Law Society publishes GDPR guide for law firms

A new guide about the General Data Protection Regulation (GDPR) and data protection for law firms, has been published by the Law Society of Scotland.

The Law Society’s Guide to GDPR shows the steps solicitors should take to help comply with the new European Union regulation.

The GDPR, which introduces new rules about data protection and privacy, comes into force on 25 May.

The Law Society’s Executive Director of Member Services, Paul Mosson, explained that although the profession was generally well prepared for the introduction of GDPR, and ultimately the Information Commissioner’s Office would be responsible for regulating GDPR and providing guidance, the new guide specifically for law firms would further help to promote compliance.

He said: “All organisations that process personal data must comply with GDPR but law firms face specific issues over privacy and how they handle data.

“It’s important that we can provide support for our members prior to the introduction of the GDPR later this month. Our guide considers the new regulation and the Data Protection Act from the perspective of a legal practice, looking at how GDPR will impact solicitors’ current processes and identifying the steps to take towards compliance.”

The guide’s author Laura Irvine, a partner at BTO, said: “While solicitors in Scotland will be familiar with the Law Society rules on client confidentiality, GDPR is also concerned with protecting personal data, but it brings in a new principle of accountability for all organisations.

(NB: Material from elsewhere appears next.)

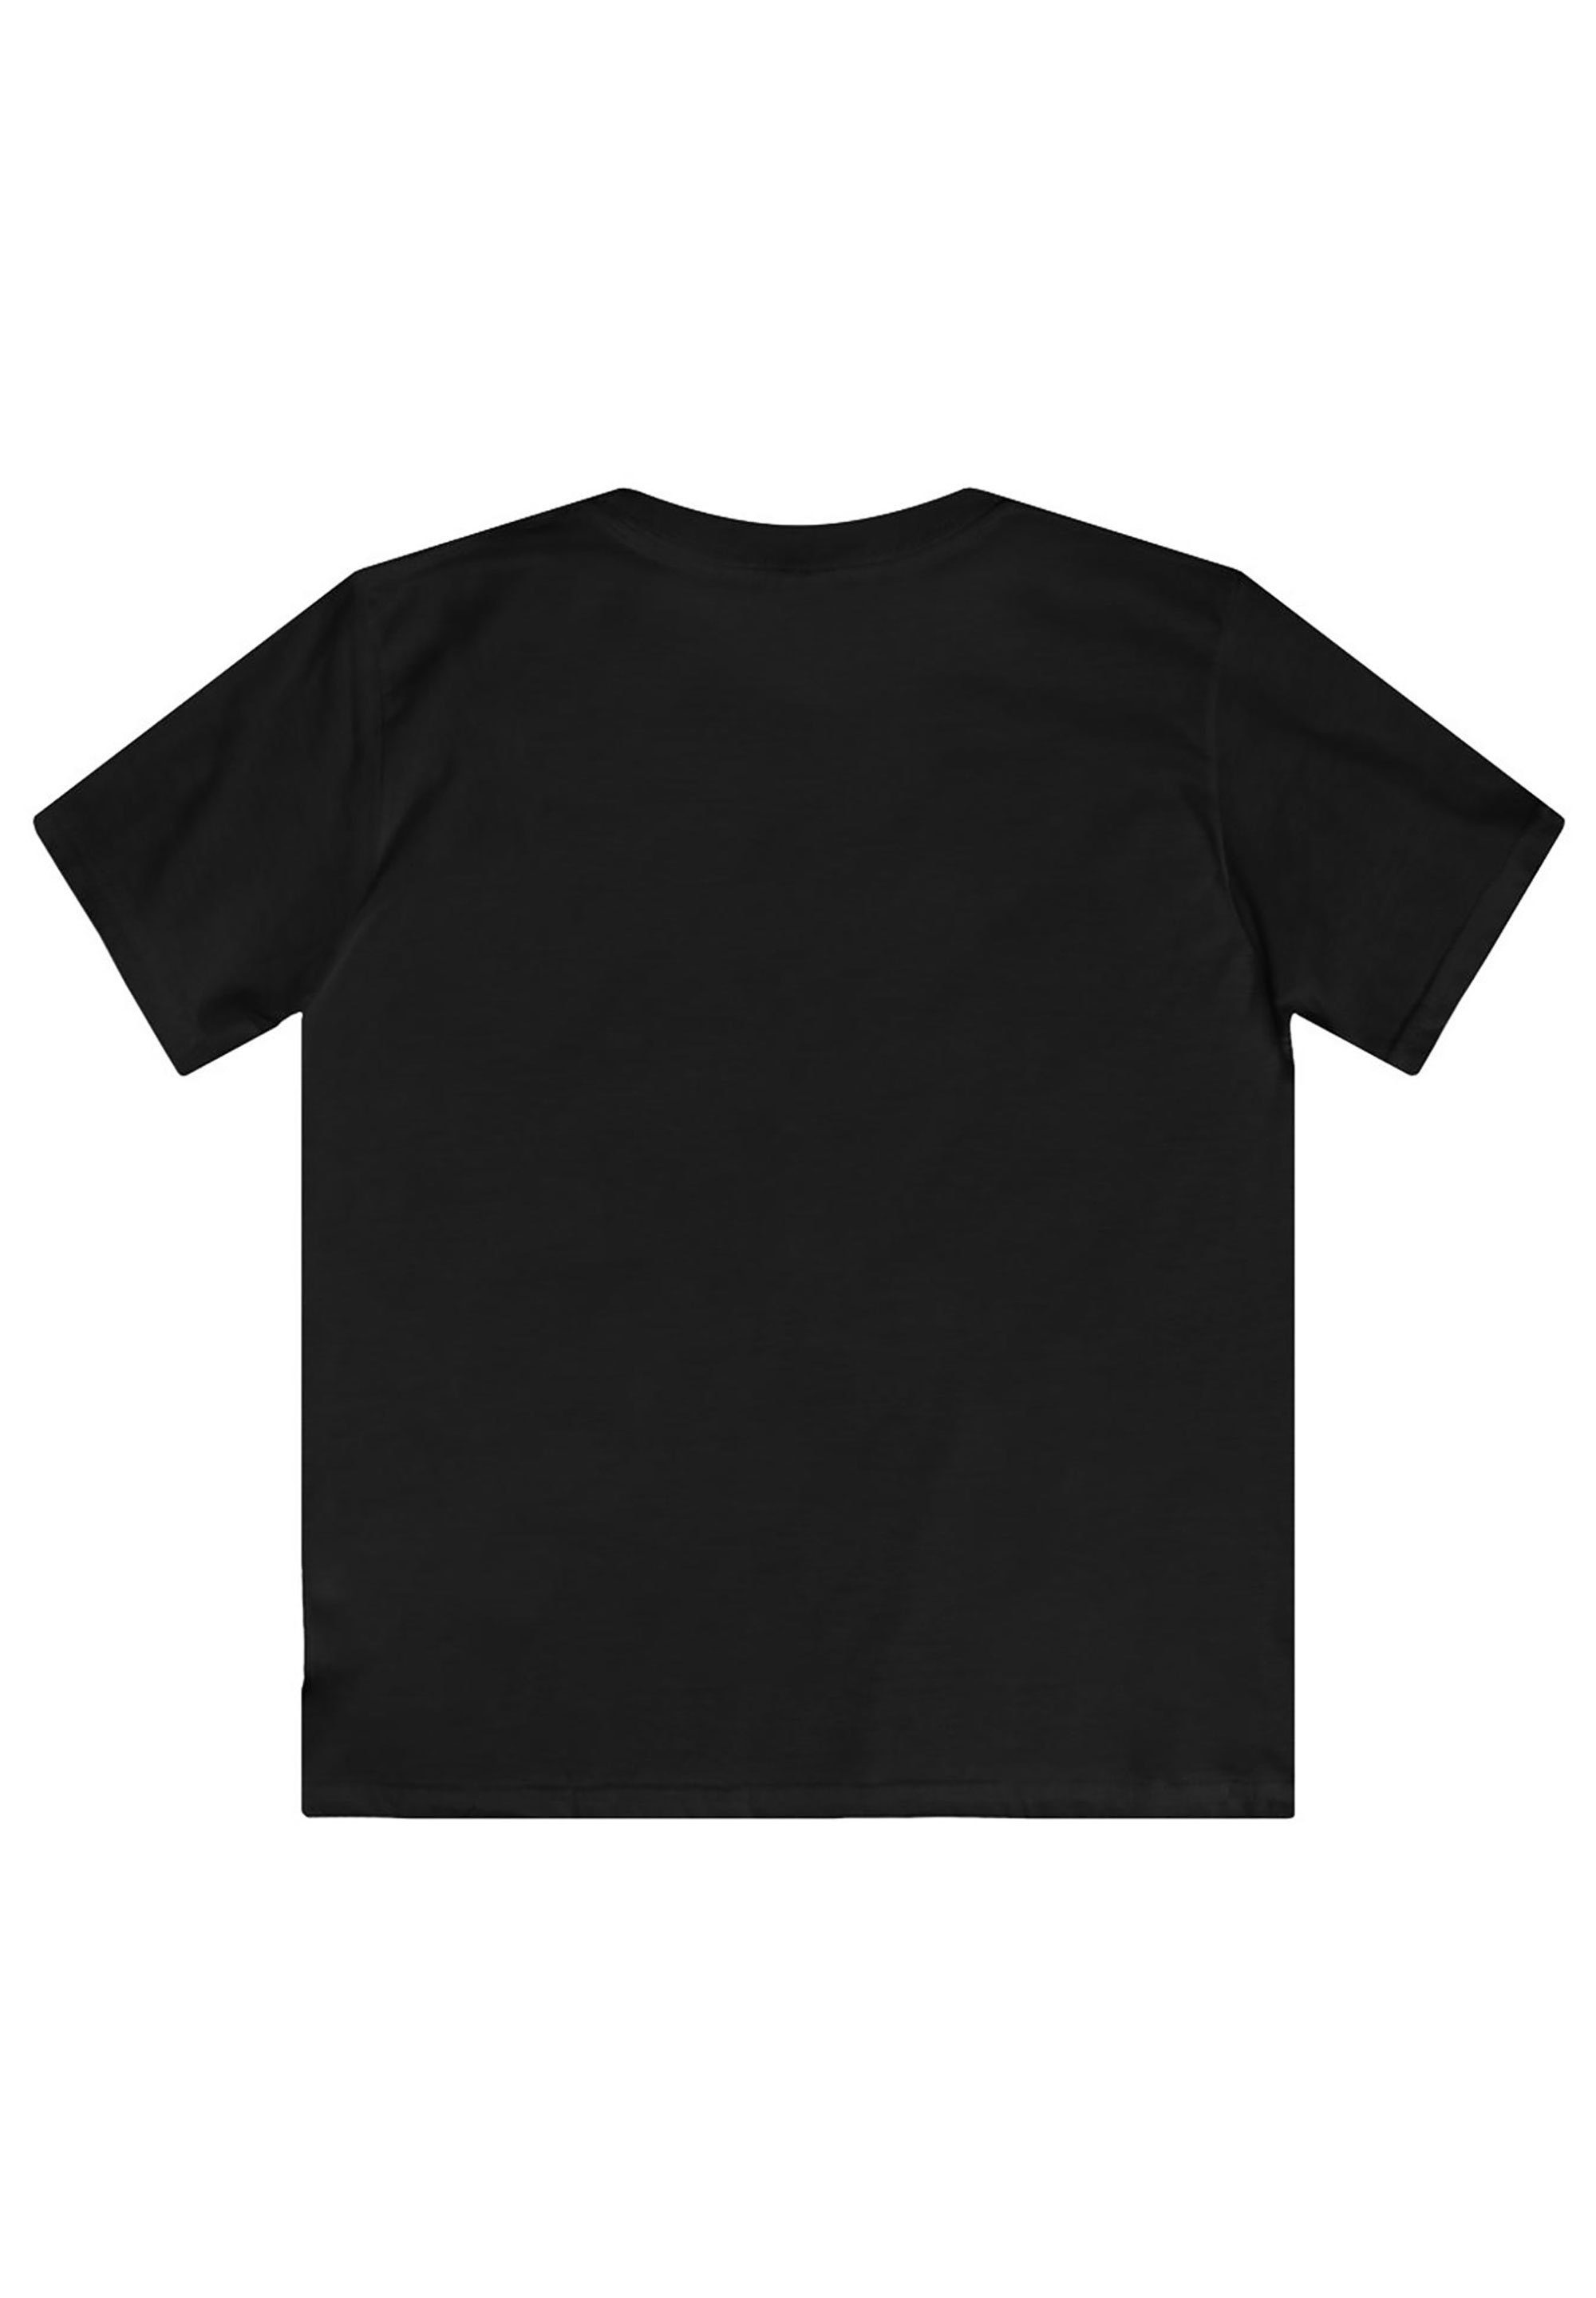 schwarz Stitch And Unisex Kinder,Premium Merch,Jungen,Mädchen,Bedruckt Lilo T-Shirt F4NT4STIC Disney

The profession should see this as an opportunity to consider how it deals with personal data in the 21st century and I hope that this guide will assist solicitors in Scotland to do this.”

The new guide has been sponsored by leading global provider of IT governance, risk management and compliance solutions, IT Governance.

Alan Calder, CEO and executive chairman, said: “We are very pleased to be working in partnership with the Law Society of Scotland on this valuable GDPR project for its members. IT Governance is at the forefront of helping organisations around the world address the challenges of GDPR compliance. With many years’ experience in the legal sector, we are well-placed to help firms get on track with their GDPR compliance projects, better understand their specific cyber security risks and help them through the challenges ahead.”

The Law Society has written to all law firms in Scotland about the guide, which will be updated with further information and advice once GDPR comes in to force.